You're looking at this wrong. Question titles should not be repeated in the question body. That's, at best, noise. It should be expanded in the question body.
The question title is supposed to be a very short, concise, version of the question you're about to ask. The question body should provide the context, all the necessary details (like code, error messages, description of the behavior you're seeing that's not what you expect), and then your actual problem you're not managing to solve yourself. It should also include what you've already attempted to fix your issue/resolve your problem. (Not necessarily in that order.)
If you find yourself writing a question on Stack Overflow that entirely fits in the title, chances are it's not a good question for Stack Overflow – the first revision of the post you link to is a pretty good example of that. It doesn't show any effort on your side, and looks like you've dumped that title into the Stack Overflow question page by mistake, when you were actually trying to hit a search engine to get leads.
You'll get better help (and less close votes) if you show that you've tried to help yourself before posting on any Stack Exchange site, and you make sure your question body all the following:
- What you're trying to achieve
- What you've tried so far
- How these things have failed
- Where exactly you're stuck at.
For questions that are more in the form of:
Can someone explain how this thing works?
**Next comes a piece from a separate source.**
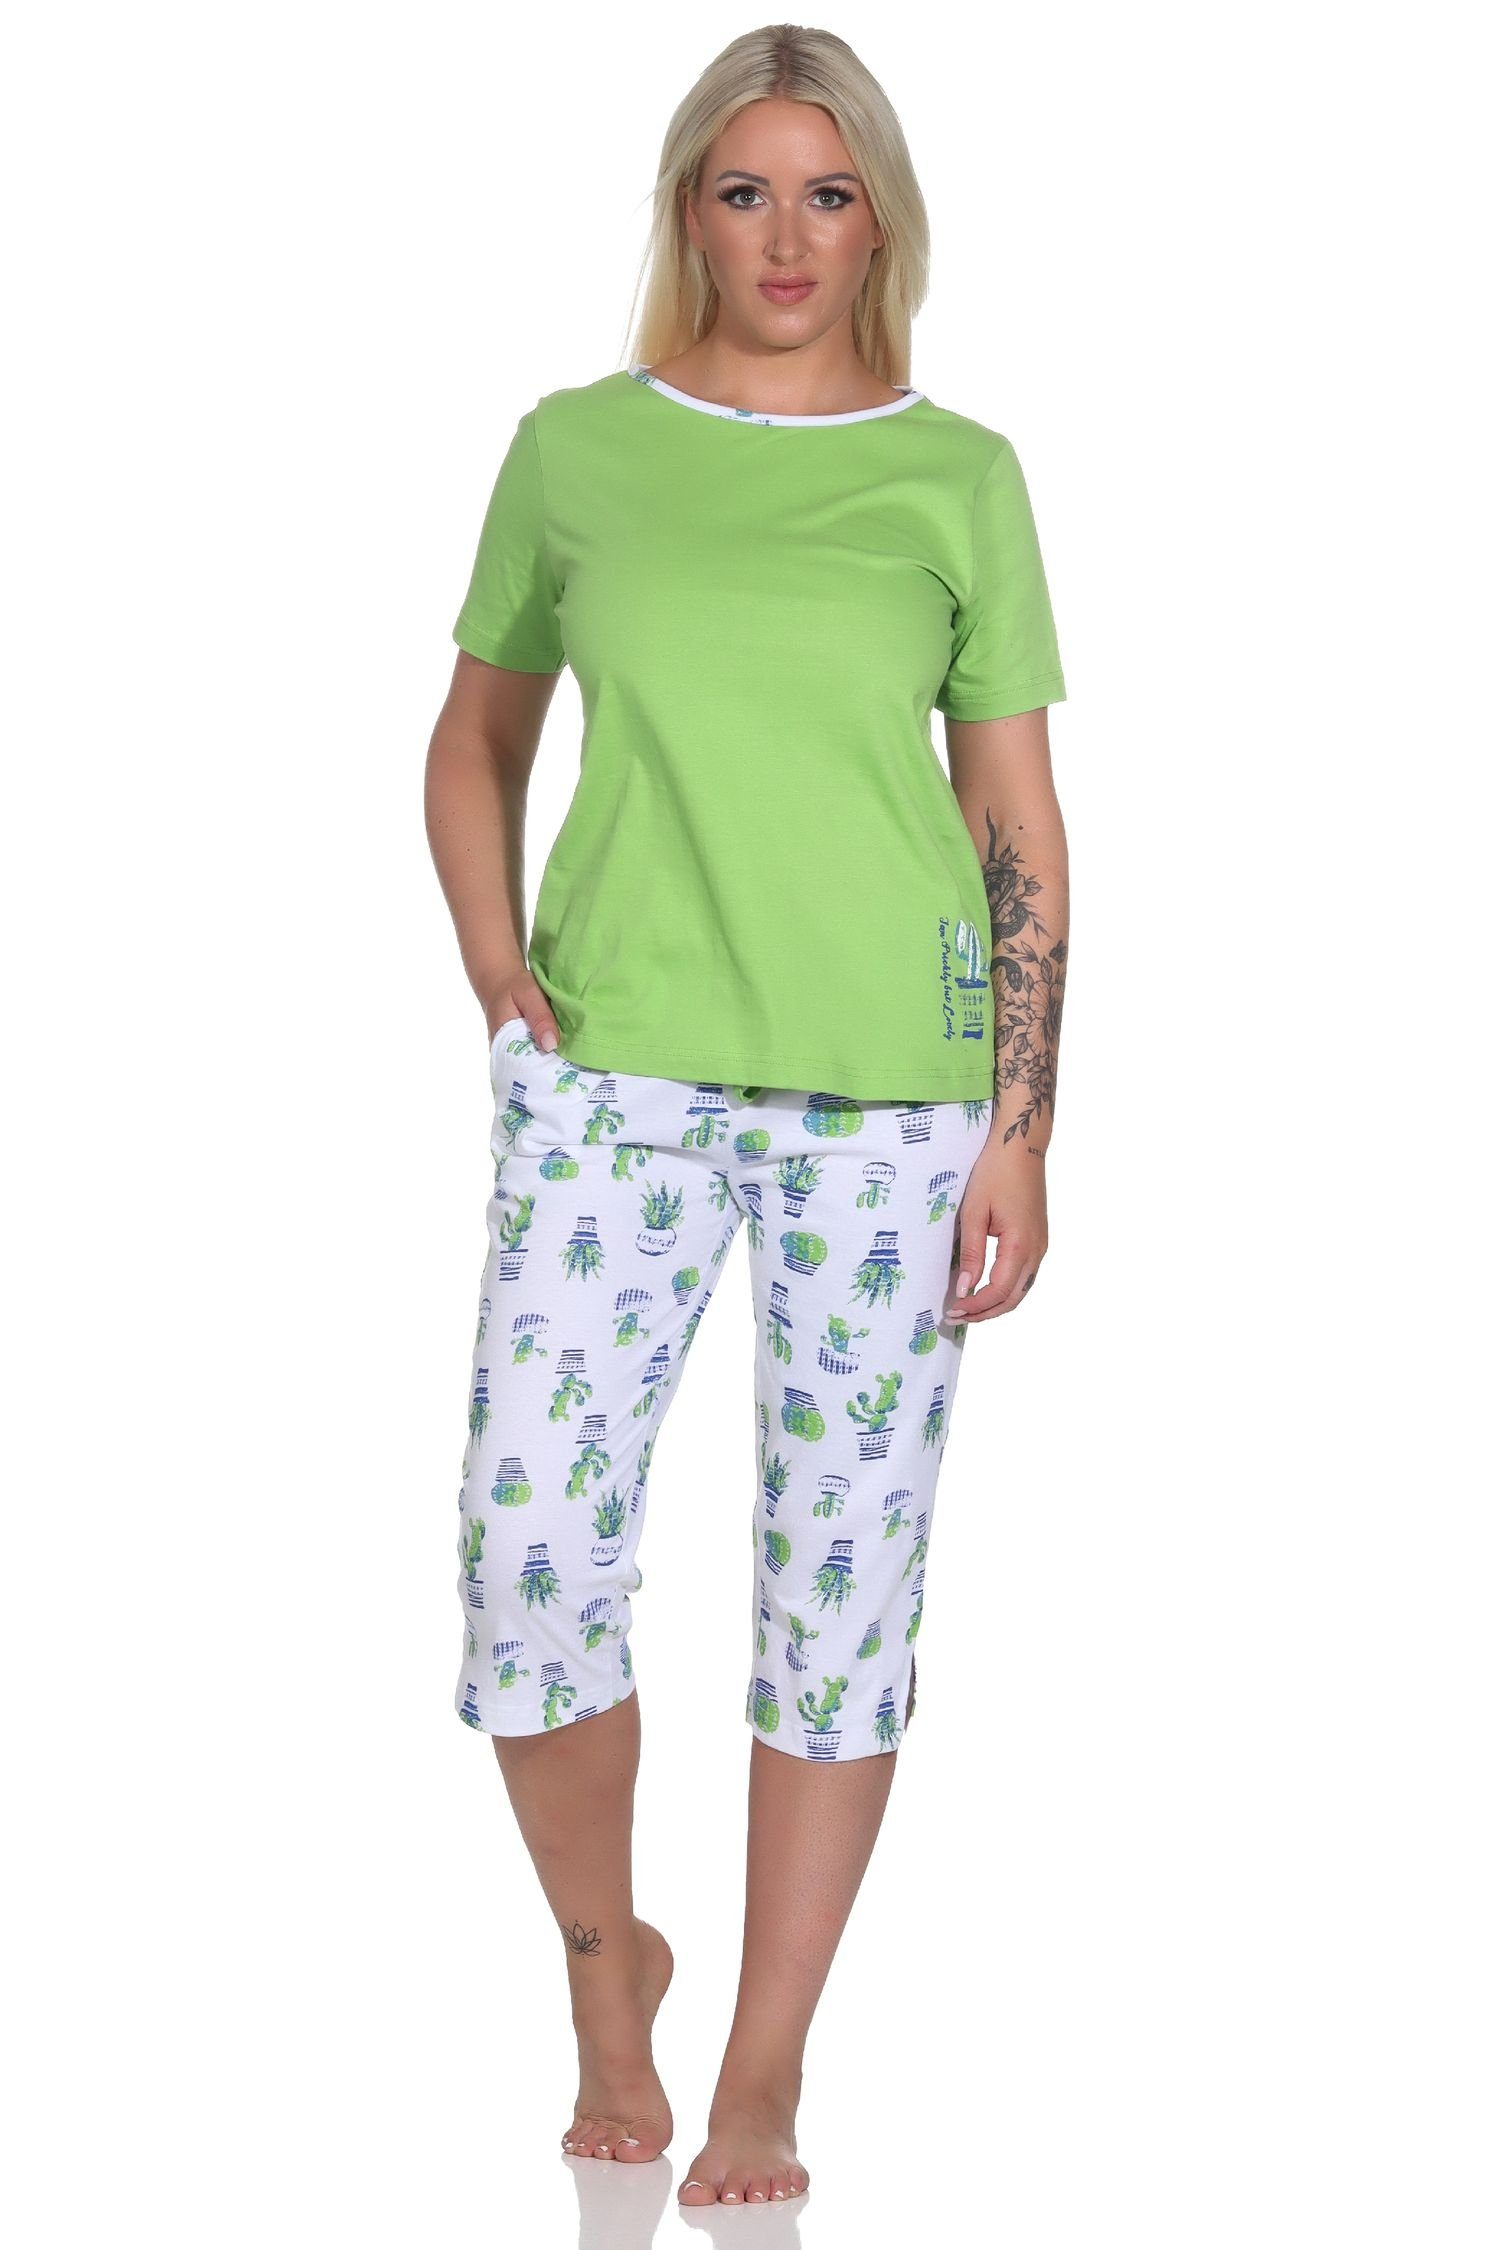 Normann Pyjama Damen Capri Kurzarm Schlafanzug mit Kaktus als Motiv grün

You should make sure that you explain what part of that thing exactly you don't understand, whether it's the syntax, the algorithm, a specific function/keyword/whatever, interactions with another library/runtime/browser/...
As it was when you posted here, your question was lacking this. So it was hard to know how to answer. Are you looking for a theoretical treatment of noise generation? (That could require entire books.) Or it there something you're not getting the loop structure? The event handling? What these channels do/represent? How they're tied to your audio?
tl;dr: The title is a teaser. It should tell people casually browsing the site what your question is going to be about so they can quickly determine if they're interested or knowledgeable in that area and could help (or benefit from answers). The body should give all the necessary details so that someone can actually solve your problem.